→ Requirement:
Word for word, restate the listing that follows and leave out the images.

→ Information supplied:
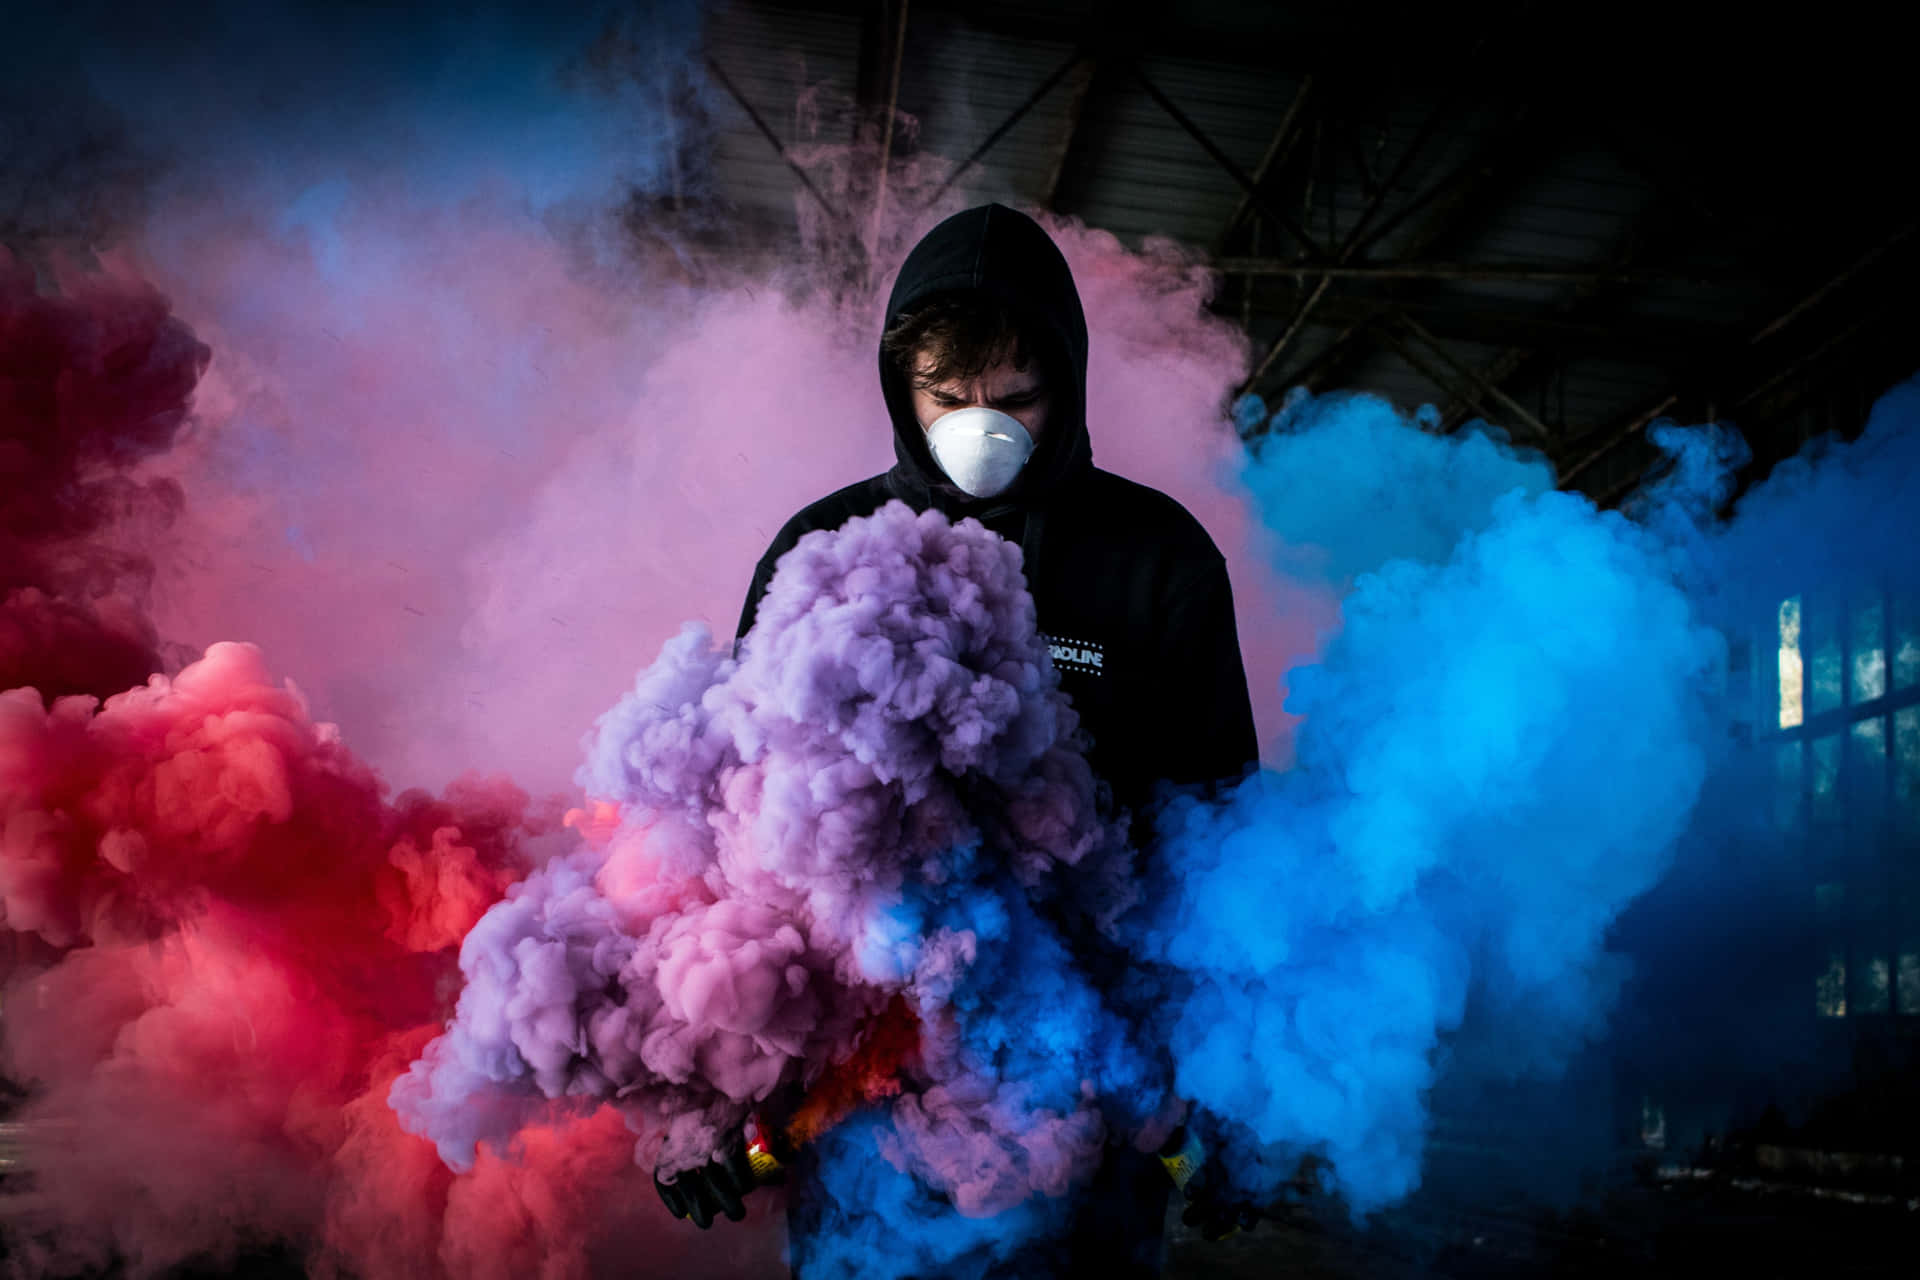 Man In Smoke Bomb Photograph Background
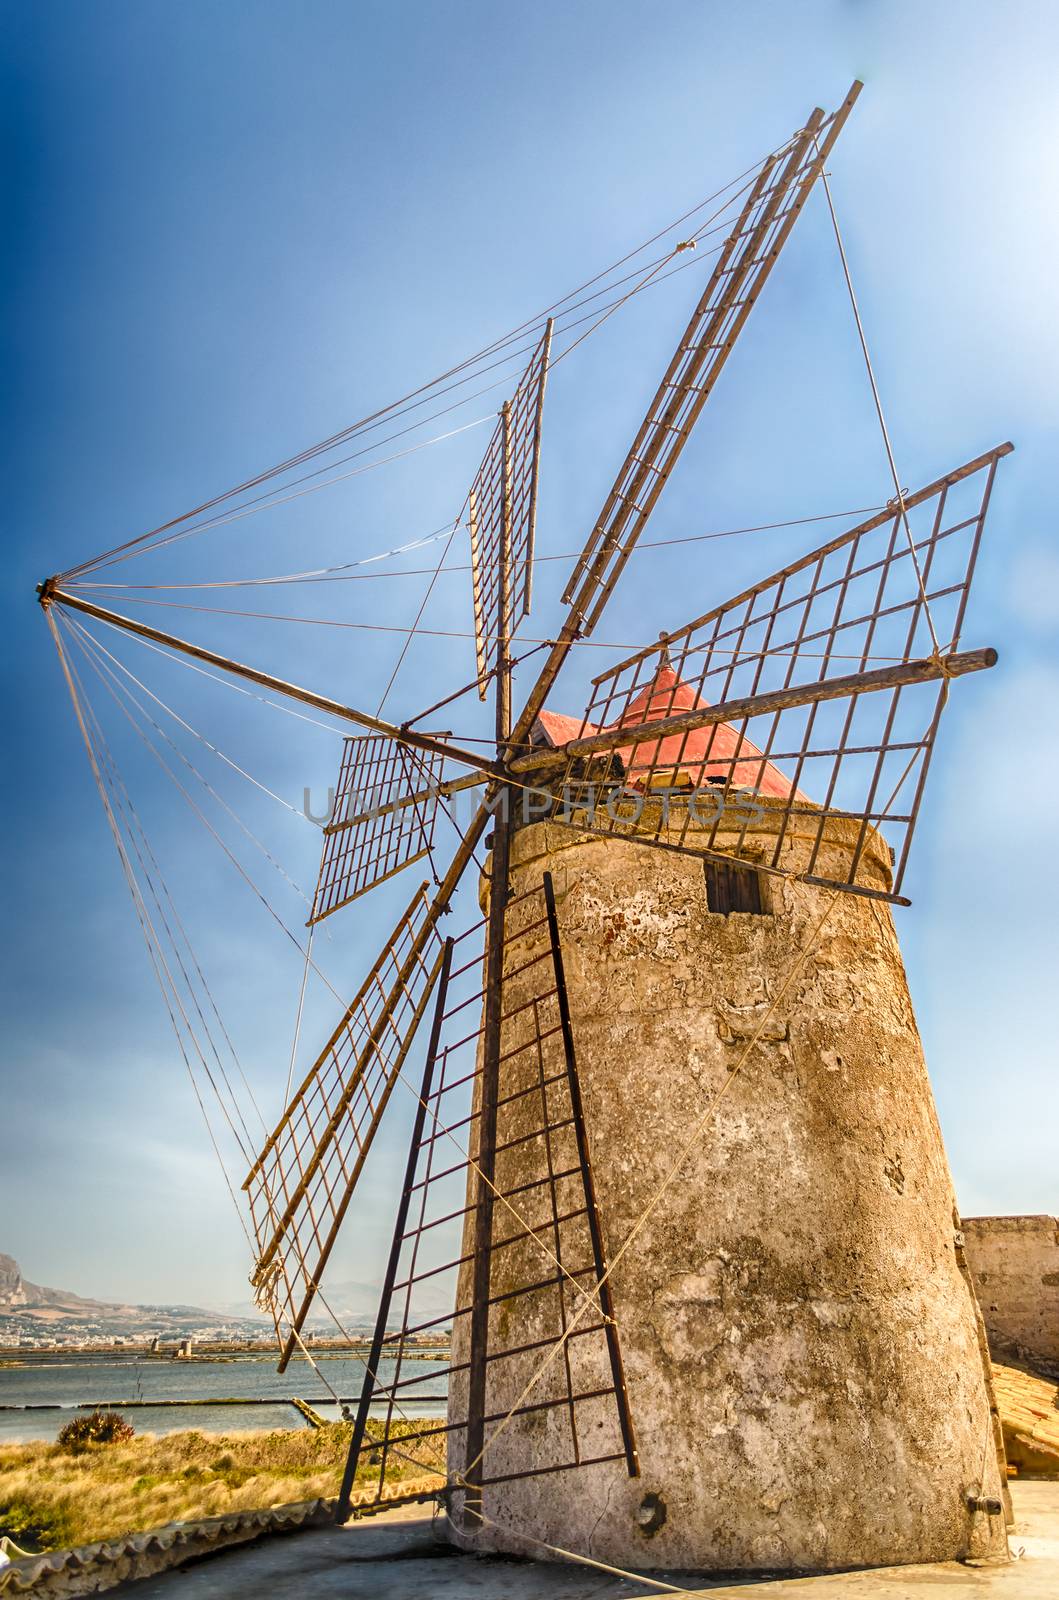 Old Windmill for Salt Production, Sicily by marcorubino
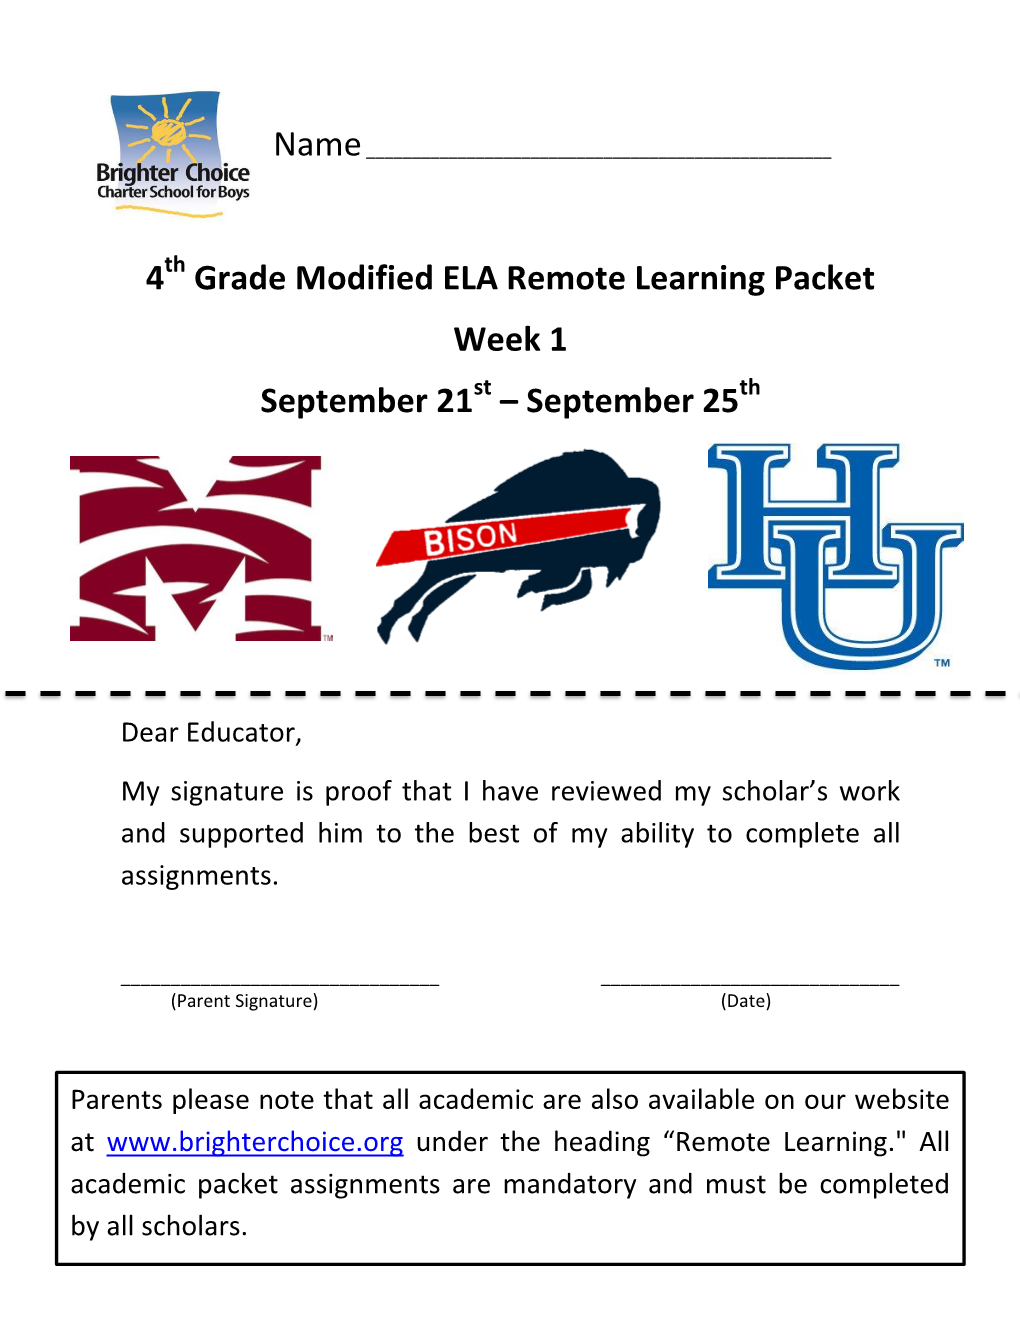 4 Grade Modified ELA Remote Learning Packet Week 1
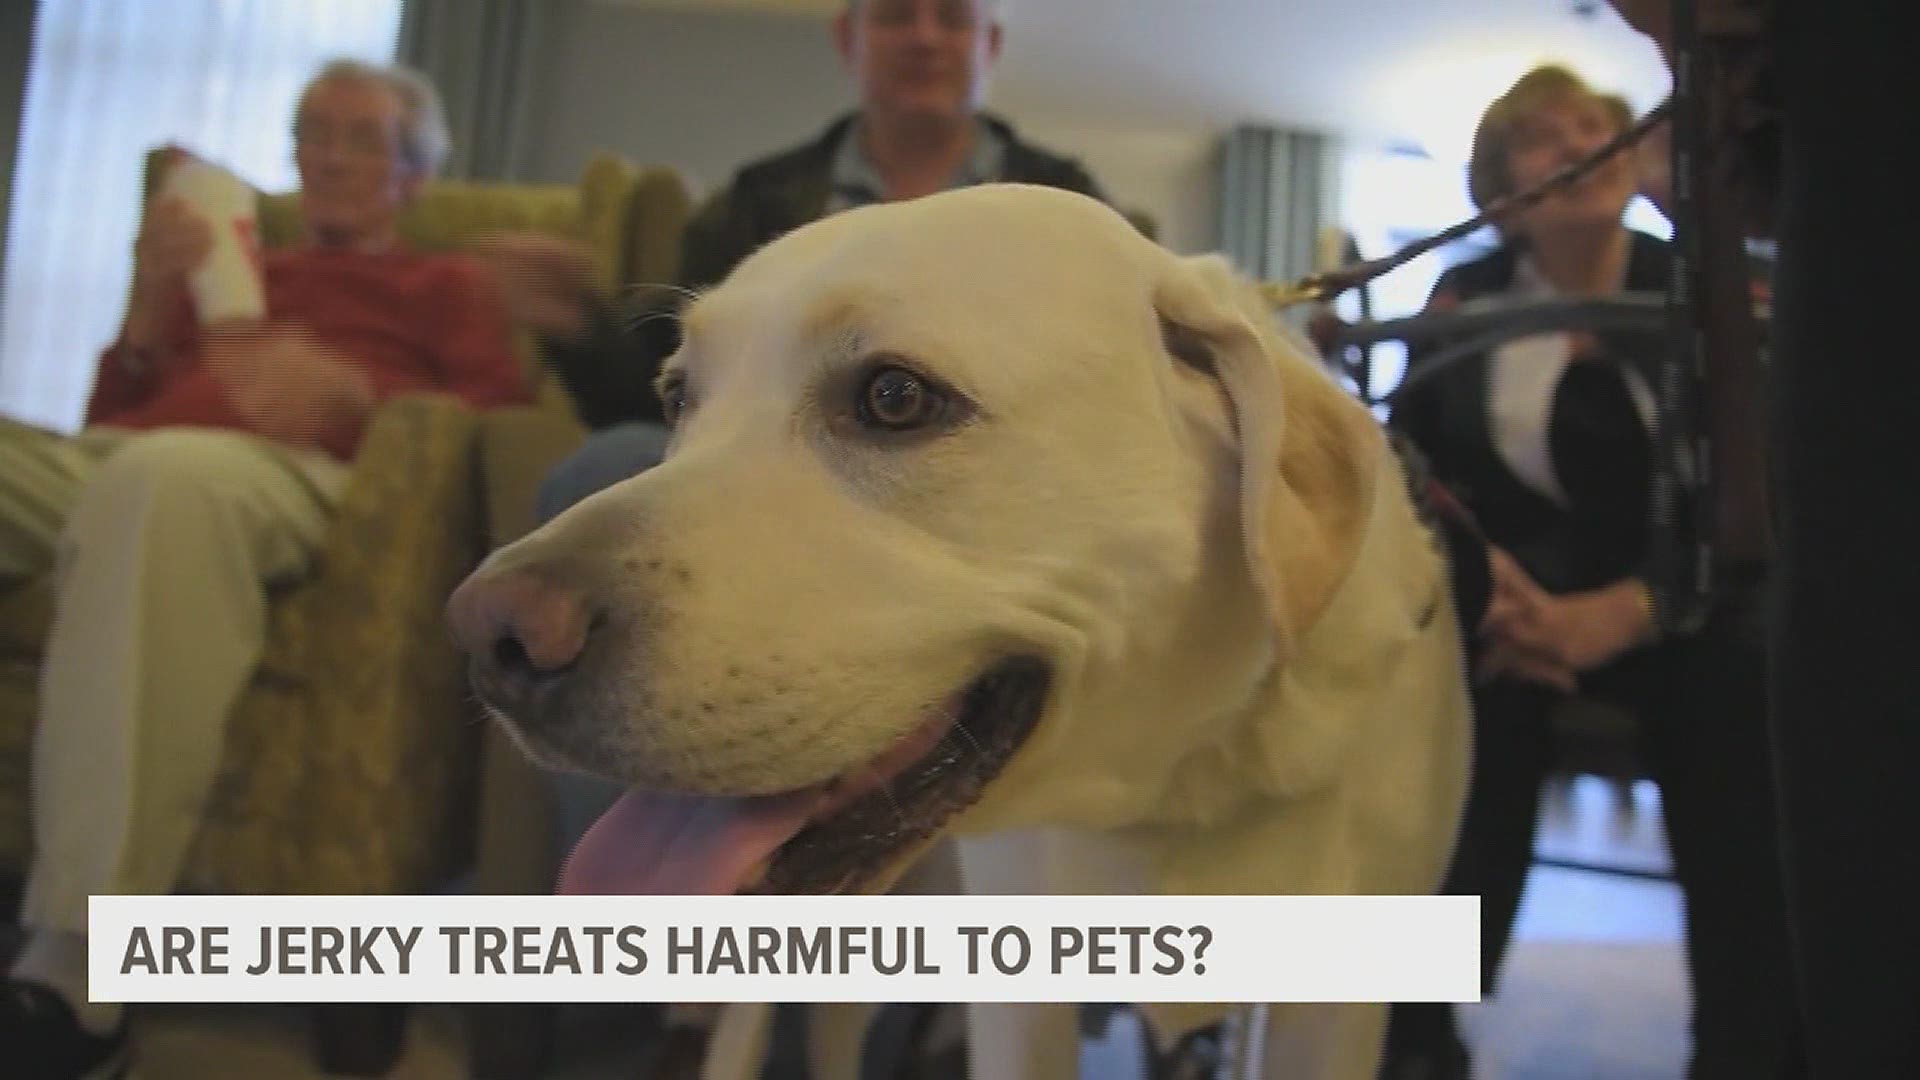 Dr. Bill Lewis of Lincoln Highway Vet Clinic spoke with FOX43's Chelsea Koerbler about being cautious about the types of treats you buy for your pets.
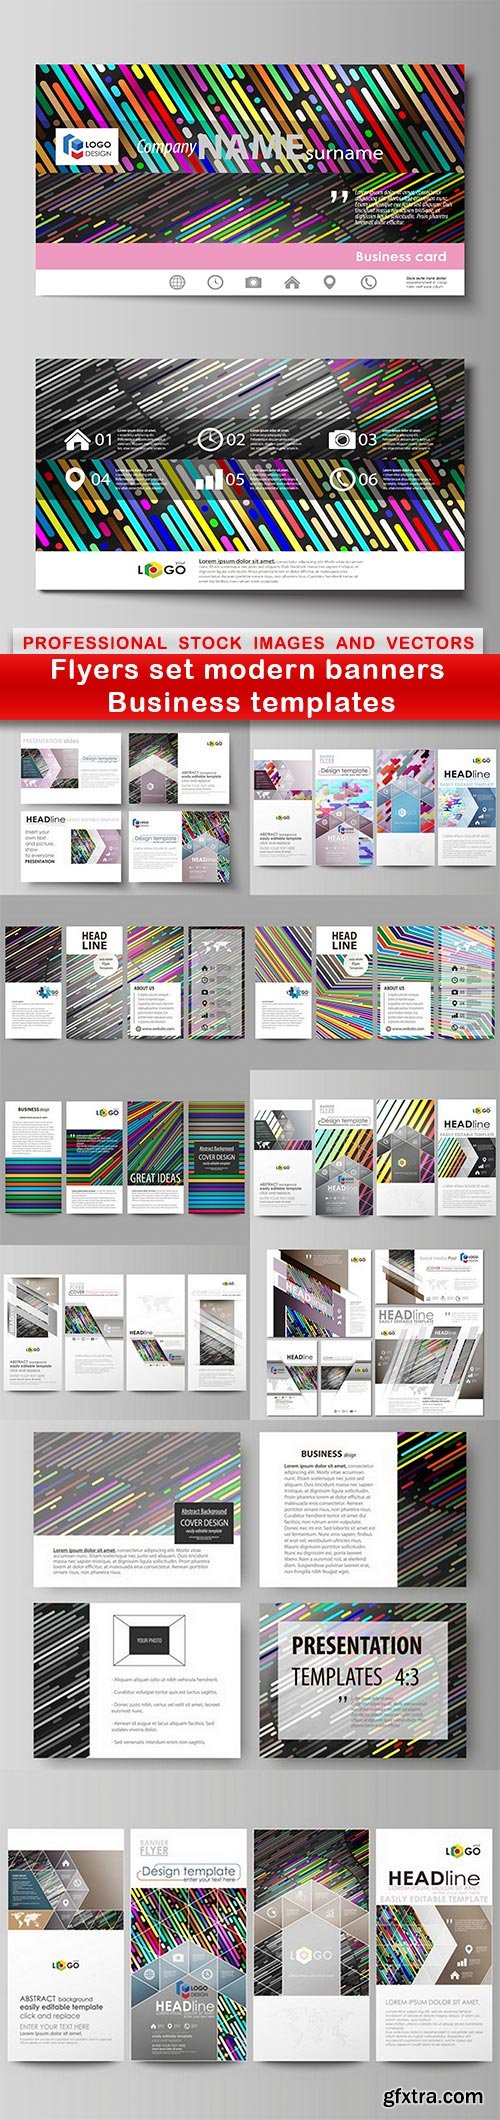 Flyers set modern banners Business templates - 11 EPS

→ The completed task:
 Man In Smoke Bomb Photograph Background
 Old Windmill for Salt Production, Sicily by marcorubino
 4 Grade Modified ELA Remote Learning Packet Week 1
 Dr. Bill Lewis of Lincoln Highway Vet Clinic spoke with FOX43's Chelsea Koerbler about being cautious about the types of treats you buy for your pets.
 Flyers set modern banners Business templates - 11 EPS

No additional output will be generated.